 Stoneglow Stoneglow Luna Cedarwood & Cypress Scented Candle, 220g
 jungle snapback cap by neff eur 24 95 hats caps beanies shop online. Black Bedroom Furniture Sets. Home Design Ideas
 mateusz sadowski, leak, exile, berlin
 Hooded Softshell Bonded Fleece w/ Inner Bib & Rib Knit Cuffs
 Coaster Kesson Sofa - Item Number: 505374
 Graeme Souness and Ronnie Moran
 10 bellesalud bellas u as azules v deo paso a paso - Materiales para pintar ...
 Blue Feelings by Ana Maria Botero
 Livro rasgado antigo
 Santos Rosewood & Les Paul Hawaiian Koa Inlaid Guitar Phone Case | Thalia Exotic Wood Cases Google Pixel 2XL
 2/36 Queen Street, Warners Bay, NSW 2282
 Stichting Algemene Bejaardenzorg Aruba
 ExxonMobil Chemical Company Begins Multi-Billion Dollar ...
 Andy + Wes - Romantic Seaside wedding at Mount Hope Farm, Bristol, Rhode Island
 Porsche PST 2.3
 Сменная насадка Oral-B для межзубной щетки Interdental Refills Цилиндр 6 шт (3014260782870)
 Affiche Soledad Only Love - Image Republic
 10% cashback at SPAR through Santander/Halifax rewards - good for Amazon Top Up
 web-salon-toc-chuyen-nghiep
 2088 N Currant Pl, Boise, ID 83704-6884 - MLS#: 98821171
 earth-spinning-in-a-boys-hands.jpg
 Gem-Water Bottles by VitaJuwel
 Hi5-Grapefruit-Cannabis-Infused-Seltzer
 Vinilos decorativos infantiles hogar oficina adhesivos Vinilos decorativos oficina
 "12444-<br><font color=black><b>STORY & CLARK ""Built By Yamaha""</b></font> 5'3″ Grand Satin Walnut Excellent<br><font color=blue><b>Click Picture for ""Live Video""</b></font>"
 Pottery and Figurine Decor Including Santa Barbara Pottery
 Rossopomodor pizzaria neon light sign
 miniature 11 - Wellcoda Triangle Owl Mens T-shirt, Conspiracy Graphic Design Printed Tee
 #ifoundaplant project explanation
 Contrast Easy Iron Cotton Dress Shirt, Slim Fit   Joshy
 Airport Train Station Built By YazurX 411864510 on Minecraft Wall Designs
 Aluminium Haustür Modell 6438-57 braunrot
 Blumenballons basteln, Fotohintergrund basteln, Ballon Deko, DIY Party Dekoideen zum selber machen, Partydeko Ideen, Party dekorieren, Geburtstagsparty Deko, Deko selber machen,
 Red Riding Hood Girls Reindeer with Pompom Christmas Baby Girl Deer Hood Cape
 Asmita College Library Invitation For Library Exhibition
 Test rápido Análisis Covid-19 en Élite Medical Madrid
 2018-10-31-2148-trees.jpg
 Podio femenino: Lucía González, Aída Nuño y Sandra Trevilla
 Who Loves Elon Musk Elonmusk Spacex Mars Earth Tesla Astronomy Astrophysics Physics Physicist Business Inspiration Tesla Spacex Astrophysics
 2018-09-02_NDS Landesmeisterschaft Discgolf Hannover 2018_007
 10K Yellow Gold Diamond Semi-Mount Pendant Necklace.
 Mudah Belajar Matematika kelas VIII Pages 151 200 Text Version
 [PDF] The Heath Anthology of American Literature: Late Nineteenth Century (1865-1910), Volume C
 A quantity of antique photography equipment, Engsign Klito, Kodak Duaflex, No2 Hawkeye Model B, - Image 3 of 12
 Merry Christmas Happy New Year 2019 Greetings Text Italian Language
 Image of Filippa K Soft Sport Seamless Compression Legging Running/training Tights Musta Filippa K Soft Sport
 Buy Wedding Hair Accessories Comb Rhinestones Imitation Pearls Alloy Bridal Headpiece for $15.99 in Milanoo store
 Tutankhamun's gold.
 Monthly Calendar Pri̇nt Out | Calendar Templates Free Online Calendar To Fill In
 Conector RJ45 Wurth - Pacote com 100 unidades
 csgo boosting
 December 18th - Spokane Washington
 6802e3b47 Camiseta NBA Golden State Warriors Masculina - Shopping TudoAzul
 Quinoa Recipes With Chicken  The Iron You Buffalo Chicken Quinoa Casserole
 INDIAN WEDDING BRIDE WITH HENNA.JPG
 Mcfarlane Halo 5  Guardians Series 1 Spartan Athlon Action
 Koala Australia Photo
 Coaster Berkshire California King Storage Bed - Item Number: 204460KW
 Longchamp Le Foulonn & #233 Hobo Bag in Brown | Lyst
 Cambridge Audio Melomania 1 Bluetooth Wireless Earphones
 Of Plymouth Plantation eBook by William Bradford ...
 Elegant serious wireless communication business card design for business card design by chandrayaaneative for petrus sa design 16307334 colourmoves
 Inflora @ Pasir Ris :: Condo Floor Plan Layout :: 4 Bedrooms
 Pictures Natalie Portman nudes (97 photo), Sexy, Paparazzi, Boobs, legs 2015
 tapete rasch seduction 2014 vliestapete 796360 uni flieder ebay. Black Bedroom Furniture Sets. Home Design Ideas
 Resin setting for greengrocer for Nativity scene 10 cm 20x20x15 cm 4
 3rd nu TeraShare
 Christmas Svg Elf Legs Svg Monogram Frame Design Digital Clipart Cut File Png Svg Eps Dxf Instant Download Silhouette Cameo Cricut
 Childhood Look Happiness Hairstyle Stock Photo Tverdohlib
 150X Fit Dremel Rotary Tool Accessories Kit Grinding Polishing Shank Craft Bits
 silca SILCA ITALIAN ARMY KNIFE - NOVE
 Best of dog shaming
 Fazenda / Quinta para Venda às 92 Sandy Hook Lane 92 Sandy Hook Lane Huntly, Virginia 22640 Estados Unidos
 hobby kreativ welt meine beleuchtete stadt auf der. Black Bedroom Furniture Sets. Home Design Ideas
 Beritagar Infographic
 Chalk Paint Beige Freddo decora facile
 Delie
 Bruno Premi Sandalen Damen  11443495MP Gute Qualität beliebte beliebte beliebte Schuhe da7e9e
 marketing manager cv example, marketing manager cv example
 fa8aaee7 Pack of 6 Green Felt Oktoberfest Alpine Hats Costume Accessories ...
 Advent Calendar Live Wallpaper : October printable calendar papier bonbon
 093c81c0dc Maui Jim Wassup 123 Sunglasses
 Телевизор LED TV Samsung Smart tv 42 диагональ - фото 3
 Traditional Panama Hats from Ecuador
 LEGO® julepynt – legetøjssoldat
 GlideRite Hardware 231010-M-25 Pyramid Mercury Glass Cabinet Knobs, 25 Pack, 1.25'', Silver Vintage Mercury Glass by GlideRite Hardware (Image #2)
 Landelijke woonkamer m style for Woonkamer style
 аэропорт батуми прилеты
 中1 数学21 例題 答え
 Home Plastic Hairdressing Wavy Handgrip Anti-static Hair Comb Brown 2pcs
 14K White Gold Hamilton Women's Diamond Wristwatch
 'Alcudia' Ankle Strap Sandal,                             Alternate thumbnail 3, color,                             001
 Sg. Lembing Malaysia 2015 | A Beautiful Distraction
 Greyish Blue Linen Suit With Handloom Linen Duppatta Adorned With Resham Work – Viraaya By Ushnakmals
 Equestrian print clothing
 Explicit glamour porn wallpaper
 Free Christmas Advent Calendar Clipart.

^^^^^^^^^^^^^^^^

Your task: Restate all of the entries exactly, please.

Result of the exercise:
 Stoneglow Stoneglow Luna Cedarwood & Cypress Scented Candle, 220g
 jungle snapback cap by neff eur 24 95 hats caps beanies shop online. Black Bedroom Furniture Sets. Home Design Ideas
 mateusz sadowski, leak, exile, berlin
 Hooded Softshell Bonded Fleece w/ Inner Bib & Rib Knit Cuffs
 Coaster Kesson Sofa - Item Number: 505374
 Graeme Souness and Ronnie Moran
 10 bellesalud bellas u as azules v deo paso a paso - Materiales para pintar ...
 Blue Feelings by Ana Maria Botero
 Livro rasgado antigo
 Santos Rosewood & Les Paul Hawaiian Koa Inlaid Guitar Phone Case | Thalia Exotic Wood Cases Google Pixel 2XL
 2/36 Queen Street, Warners Bay, NSW 2282
 Stichting Algemene Bejaardenzorg Aruba
 ExxonMobil Chemical Company Begins Multi-Billion Dollar ...
 Andy + Wes - Romantic Seaside wedding at Mount Hope Farm, Bristol, Rhode Island
 Porsche PST 2.3
 Сменная насадка Oral-B для межзубной щетки Interdental Refills Цилиндр 6 шт (3014260782870)
 Affiche Soledad Only Love - Image Republic
 10% cashback at SPAR through Santander/Halifax rewards - good for Amazon Top Up
 web-salon-toc-chuyen-nghiep
 2088 N Currant Pl, Boise, ID 83704-6884 - MLS#: 98821171
 earth-spinning-in-a-boys-hands.jpg
 Gem-Water Bottles by VitaJuwel
 Hi5-Grapefruit-Cannabis-Infused-Seltzer
 Vinilos decorativos infantiles hogar oficina adhesivos Vinilos decorativos oficina
 "12444-<br><font color=black><b>STORY & CLARK ""Built By Yamaha""</b></font> 5'3″ Grand Satin Walnut Excellent<br><font color=blue><b>Click Picture for ""Live Video""</b></font>"
 Pottery and Figurine Decor Including Santa Barbara Pottery
 Rossopomodor pizzaria neon light sign
 miniature 11 - Wellcoda Triangle Owl Mens T-shirt, Conspiracy Graphic Design Printed Tee
 #ifoundaplant project explanation
 Contrast Easy Iron Cotton Dress Shirt, Slim Fit   Joshy
 Airport Train Station Built By YazurX 411864510 on Minecraft Wall Designs
 Aluminium Haustür Modell 6438-57 braunrot
 Blumenballons basteln, Fotohintergrund basteln, Ballon Deko, DIY Party Dekoideen zum selber machen, Partydeko Ideen, Party dekorieren, Geburtstagsparty Deko, Deko selber machen,
 Red Riding Hood Girls Reindeer with Pompom Christmas Baby Girl Deer Hood Cape
 Asmita College Library Invitation For Library Exhibition
 Test rápido Análisis Covid-19 en Élite Medical Madrid
 2018-10-31-2148-trees.jpg
 Podio femenino: Lucía González, Aída Nuño y Sandra Trevilla
 Who Loves Elon Musk Elonmusk Spacex Mars Earth Tesla Astronomy Astrophysics Physics Physicist Business Inspiration Tesla Spacex Astrophysics
 2018-09-02_NDS Landesmeisterschaft Discgolf Hannover 2018_007
 10K Yellow Gold Diamond Semi-Mount Pendant Necklace.
 Mudah Belajar Matematika kelas VIII Pages 151 200 Text Version
 [PDF] The Heath Anthology of American Literature: Late Nineteenth Century (1865-1910), Volume C
 A quantity of antique photography equipment, Engsign Klito, Kodak Duaflex, No2 Hawkeye Model B, - Image 3 of 12
 Merry Christmas Happy New Year 2019 Greetings Text Italian Language
 Image of Filippa K Soft Sport Seamless Compression Legging Running/training Tights Musta Filippa K Soft Sport
 Buy Wedding Hair Accessories Comb Rhinestones Imitation Pearls Alloy Bridal Headpiece for $15.99 in Milanoo store
 Tutankhamun's gold.
 Monthly Calendar Pri̇nt Out | Calendar Templates Free Online Calendar To Fill In
 Conector RJ45 Wurth - Pacote com 100 unidades
 csgo boosting
 December 18th - Spokane Washington
 6802e3b47 Camiseta NBA Golden State Warriors Masculina - Shopping TudoAzul
 Quinoa Recipes With Chicken  The Iron You Buffalo Chicken Quinoa Casserole
 INDIAN WEDDING BRIDE WITH HENNA.JPG
 Mcfarlane Halo 5  Guardians Series 1 Spartan Athlon Action
 Koala Australia Photo
 Coaster Berkshire California King Storage Bed - Item Number: 204460KW
 Longchamp Le Foulonn & #233 Hobo Bag in Brown | Lyst
 Cambridge Audio Melomania 1 Bluetooth Wireless Earphones
 Of Plymouth Plantation eBook by William Bradford ...
 Elegant serious wireless communication business card design for business card design by chandrayaaneative for petrus sa design 16307334 colourmoves
 Inflora @ Pasir Ris :: Condo Floor Plan Layout :: 4 Bedrooms
 Pictures Natalie Portman nudes (97 photo), Sexy, Paparazzi, Boobs, legs 2015
 tapete rasch seduction 2014 vliestapete 796360 uni flieder ebay. Black Bedroom Furniture Sets. Home Design Ideas
 Resin setting for greengrocer for Nativity scene 10 cm 20x20x15 cm 4
 3rd nu TeraShare
 Christmas Svg Elf Legs Svg Monogram Frame Design Digital Clipart Cut File Png Svg Eps Dxf Instant Download Silhouette Cameo Cricut
 Childhood Look Happiness Hairstyle Stock Photo Tverdohlib
 150X Fit Dremel Rotary Tool Accessories Kit Grinding Polishing Shank Craft Bits
 silca SILCA ITALIAN ARMY KNIFE - NOVE
 Best of dog shaming
 Fazenda / Quinta para Venda às 92 Sandy Hook Lane 92 Sandy Hook Lane Huntly, Virginia 22640 Estados Unidos
 hobby kreativ welt meine beleuchtete stadt auf der. Black Bedroom Furniture Sets. Home Design Ideas
 Beritagar Infographic
 Chalk Paint Beige Freddo decora facile
 Delie
 Bruno Premi Sandalen Damen  11443495MP Gute Qualität beliebte beliebte beliebte Schuhe da7e9e
 marketing manager cv example, marketing manager cv example
 fa8aaee7 Pack of 6 Green Felt Oktoberfest Alpine Hats Costume Accessories ...
 Advent Calendar Live Wallpaper : October printable calendar papier bonbon
 093c81c0dc Maui Jim Wassup 123 Sunglasses
 Телевизор LED TV Samsung Smart tv 42 диагональ - фото 3
 Traditional Panama Hats from Ecuador
 LEGO® julepynt – legetøjssoldat
 GlideRite Hardware 231010-M-25 Pyramid Mercury Glass Cabinet Knobs, 25 Pack, 1.25'', Silver Vintage Mercury Glass by GlideRite Hardware (Image #2)
 Landelijke woonkamer m style for Woonkamer style
 аэропорт батуми прилеты
 中1 数学21 例題 答え
 Home Plastic Hairdressing Wavy Handgrip Anti-static Hair Comb Brown 2pcs
 14K White Gold Hamilton Women's Diamond Wristwatch
 'Alcudia' Ankle Strap Sandal,                             Alternate thumbnail 3, color,                             001
 Sg. Lembing Malaysia 2015 | A Beautiful Distraction
 Greyish Blue Linen Suit With Handloom Linen Duppatta Adorned With Resham Work – Viraaya By Ushnakmals
 Equestrian print clothing
 Explicit glamour porn wallpaper
 Free Christmas Advent Calendar Clipart.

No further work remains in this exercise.